### [Data extract]
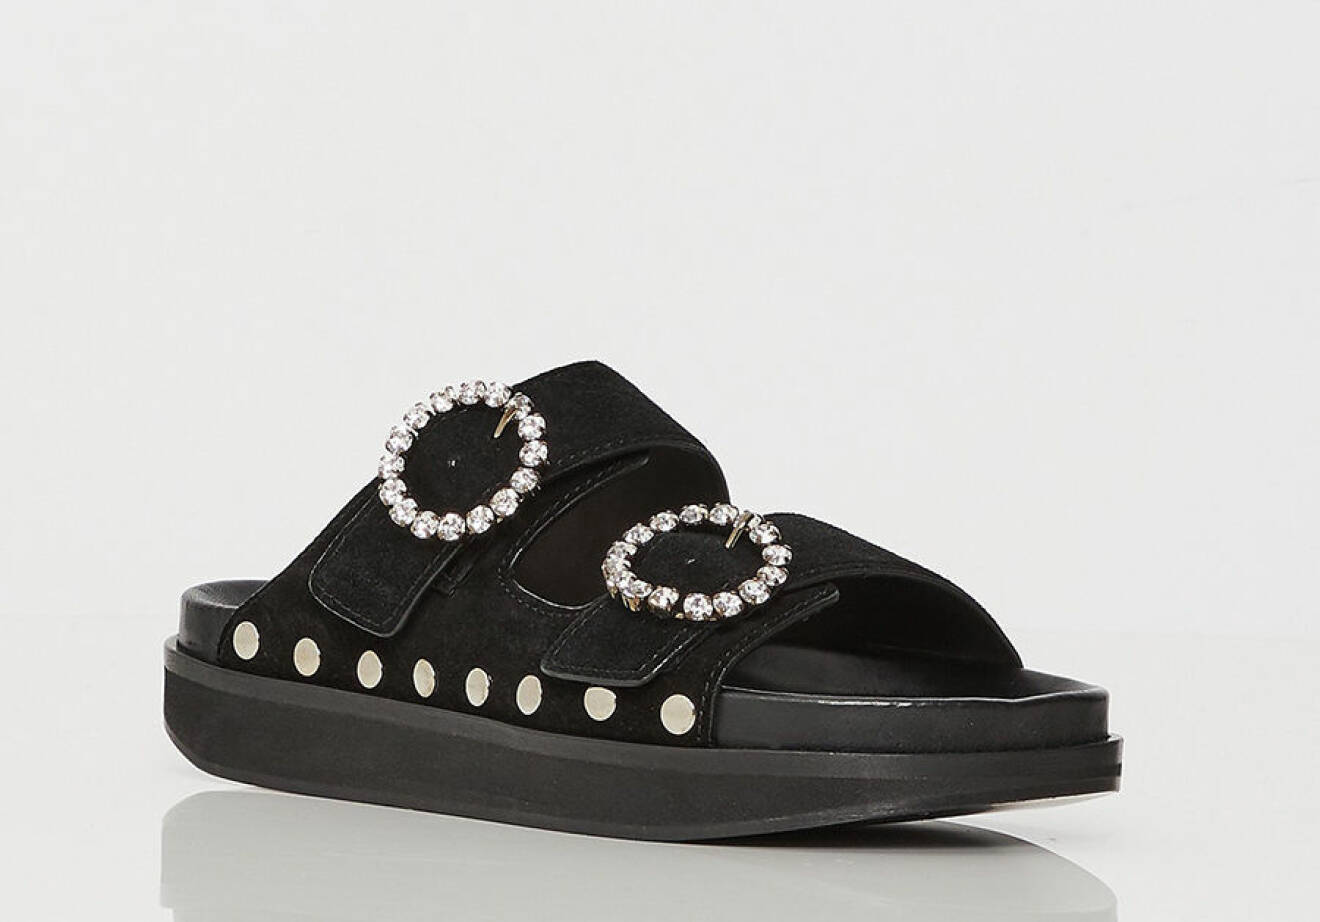 Isabel Marant svart sandal med strasspänne
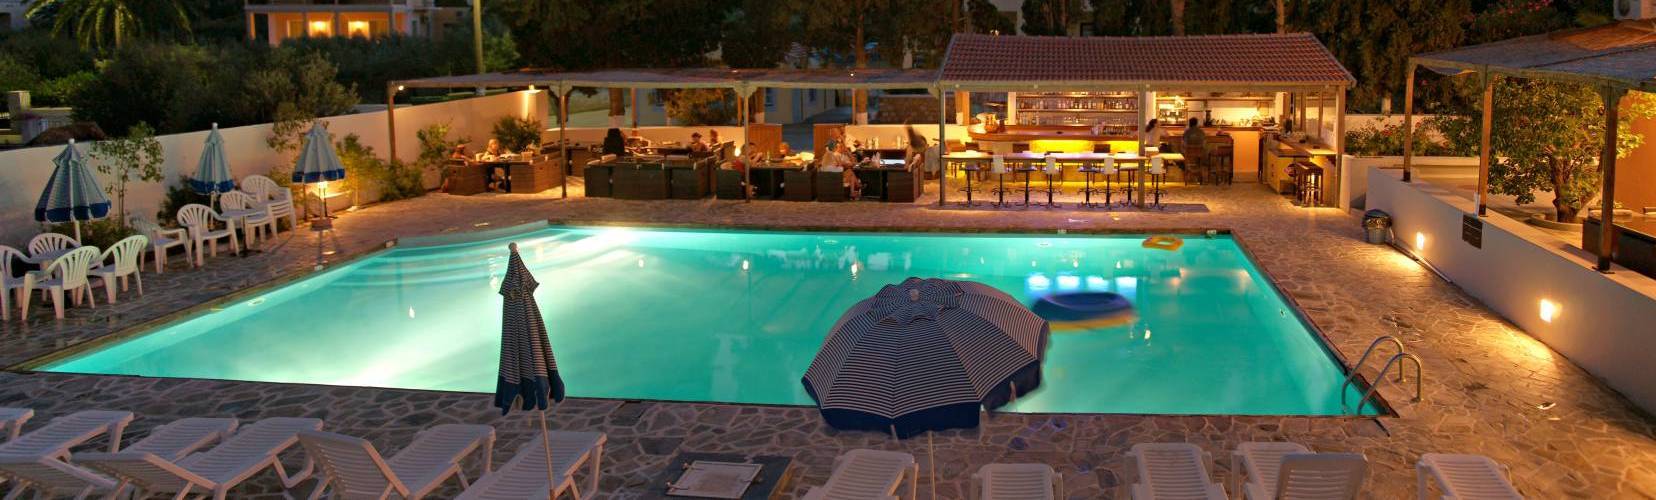 Hotel ELIES pool
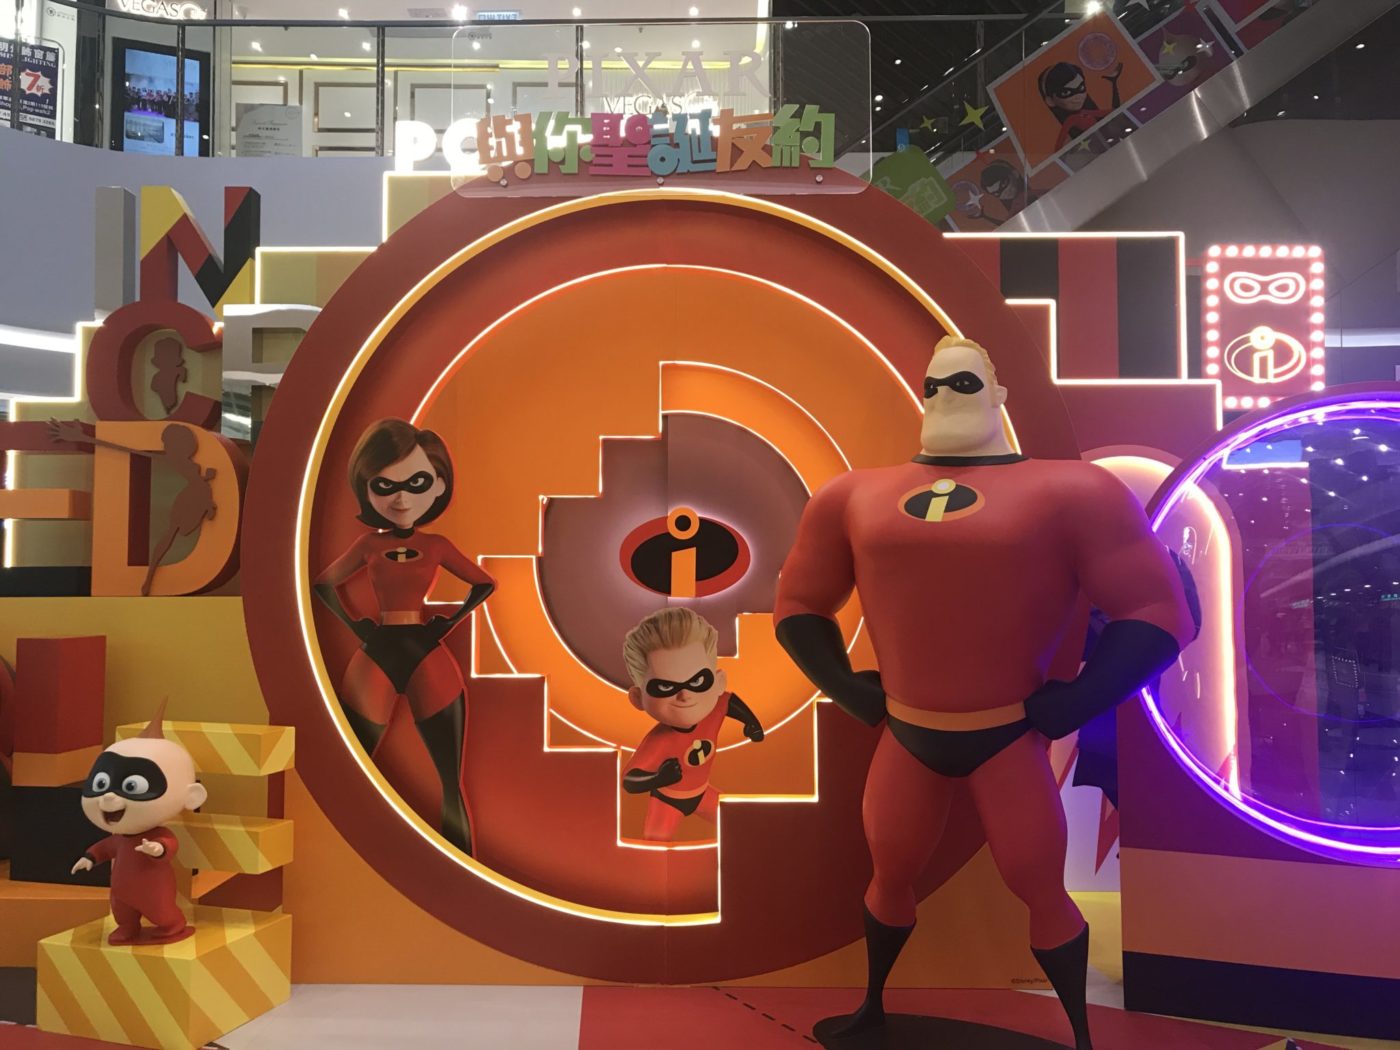 香港好去處 聖誕好去處 聖誕必去 將軍澳 PopWalk Pixar 反斗奇兵 超人特工隊 Toy Story

### [What you will do]
Every line of the listing must be reproduced exactly, though the pictures are to be left out.

### [The completed task]
 Isabel Marant svart sandal med strasspänne
 Hotel ELIES pool
 香港好去處 聖誕好去處 聖誕必去 將軍澳 PopWalk Pixar 反斗奇兵 超人特工隊 Toy Story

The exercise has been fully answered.